While we’re obviously not on the same page politically, I find a lot of what the Yes Men do pretty ingenious. But while their overall mission could reasonably described as a kind of parody—insofar as the point is for their hoaxes to ultimately be exposed—their site is not really a parody. What Adbusters does when they appropriate corporate logos and advertising imagery for their spoof ads is parody, and as such clearly entitled to invoke the fair use defense against claims of copyright or trademark infringement.
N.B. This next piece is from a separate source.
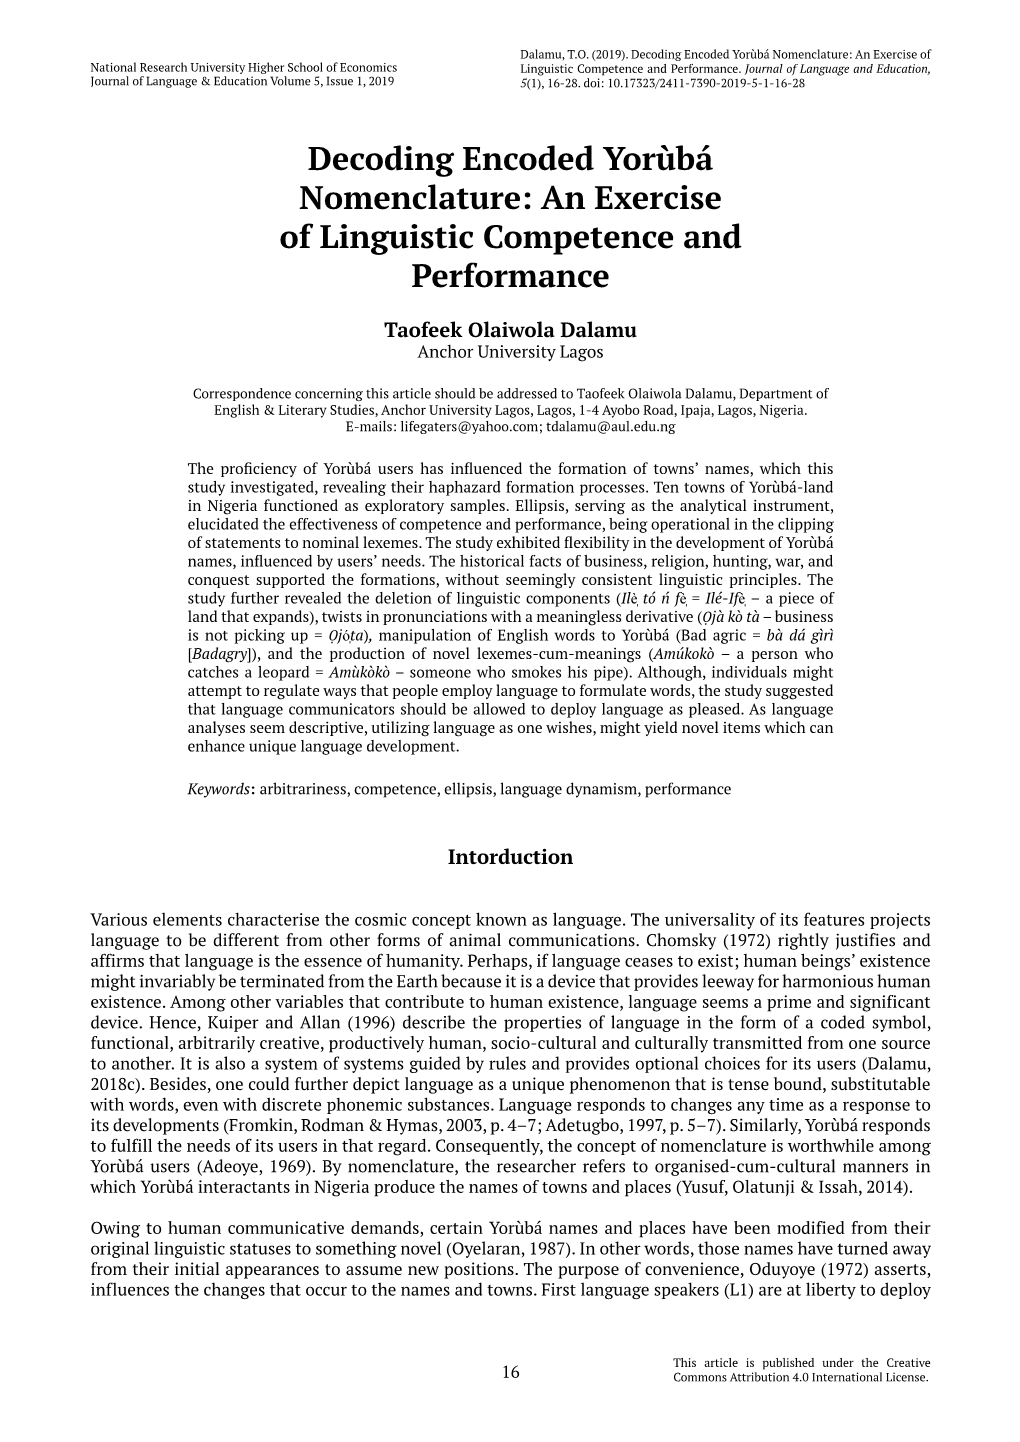 Decoding Encoded Yorùbá Nomenclature: an Exercise of National Research University Higher School of Economics Linguistic Competence and Performance

But that’s because the purpose of trademark is primarily to prevent consumer confusion, and a person of ordinary intelligence who really looks at one of those fake ads will—perhaps after a moment of initial confusion or bemusement—understand it as an ironic critique of the company whose imagery is used.  What the Yes Men are doing on the whole is an act of critique, but they’re not using the Chamber logo on their fake site as an act of détournement; they’re using it with the intent that readers falsely believe their press release to be genuine. It’s arguably a fairly benign form of deception in service of a larger critical point, but as a legal matter I doubt it’s entitled to a fair use exemption. And I think it muddies the waters in a potentially counterproductive way for EFF, which is a great defender of genuine parody against specious and censorious IP claims, to invoke it in a dubious case like this.

Tags: Law


       

 

16 responses so far ↓

  • 1 Todd Seavey // Oct 26, 2009 at 10:57 am

    I wholeheartedly agree — and it’s not surprising the Yes Men feel exempt from the rules of ethics, such as telling the truth, that bind the rest of us, given what sanctimonious assholes they are (I spoke to one of the two head honchos in a bar here in NYC once).

    If a fraud case is brought against them for trying to make people think the fake issue of _New York Post_ their cronies handed out in NYC during a climate conference last month was real, I hope witnesses will note that the eco-flunkies handing out the papers were saying “Free _New York Post_…free copy of the _New York Post_…” etc. — not, for example, “Joke newspaper!” or “Left-wing propaganda fueled by poorly-grasped science!”

  • 2 Not All Your Hoaxes Involve Balloons And Boys « Around The Sphere // Oct 26, 2009 at 12:19 pm

    […] #2: Julian Sanchez Possibly related posts: (automatically generated)Bill Murrary Iffy on ’Ghostbusters 3’; […]

  • 3 Jesse Walker // Oct 26, 2009 at 2:54 pm

    But the Chamber isn’t making a trademark claim. It’s making a copyright claim. I assume this is because it’s issuing a takedown notice under the DMCA, which doesn’t protect trademark owners, just copyright owners; but it makes its legal claims much dicier.

  • 4 Drew // Oct 28, 2009 at 4:42 pm

    Honestly not sure what I think about this. When its one company trying to confuse consumers in order to make money off a brand, I can certainly see harm and exploitation we might want to think about making subject to civil action.

    But these guys pretty literally want to confuse people purely for the purposes of… confusing people. They want to lie and mislead because they enjoy lying and misleading: arguably as a means of parodying civil society itself. Is that unethical? Probably. But I’m not sure its something that should be subject to civil action in the same way it would if they were misusing the logos to defraud consumers.

  • 5 Barry // Oct 28, 2009 at 9:14 pm

    Todd Seavey

    “… “Left-wing propaganda fueled by poorly-grasped science!””

    Since climate changes is supported by an overwhelming majority of those scientists who know WTF they’re talking about, perhaps you’re referring to the Chamber’s reports?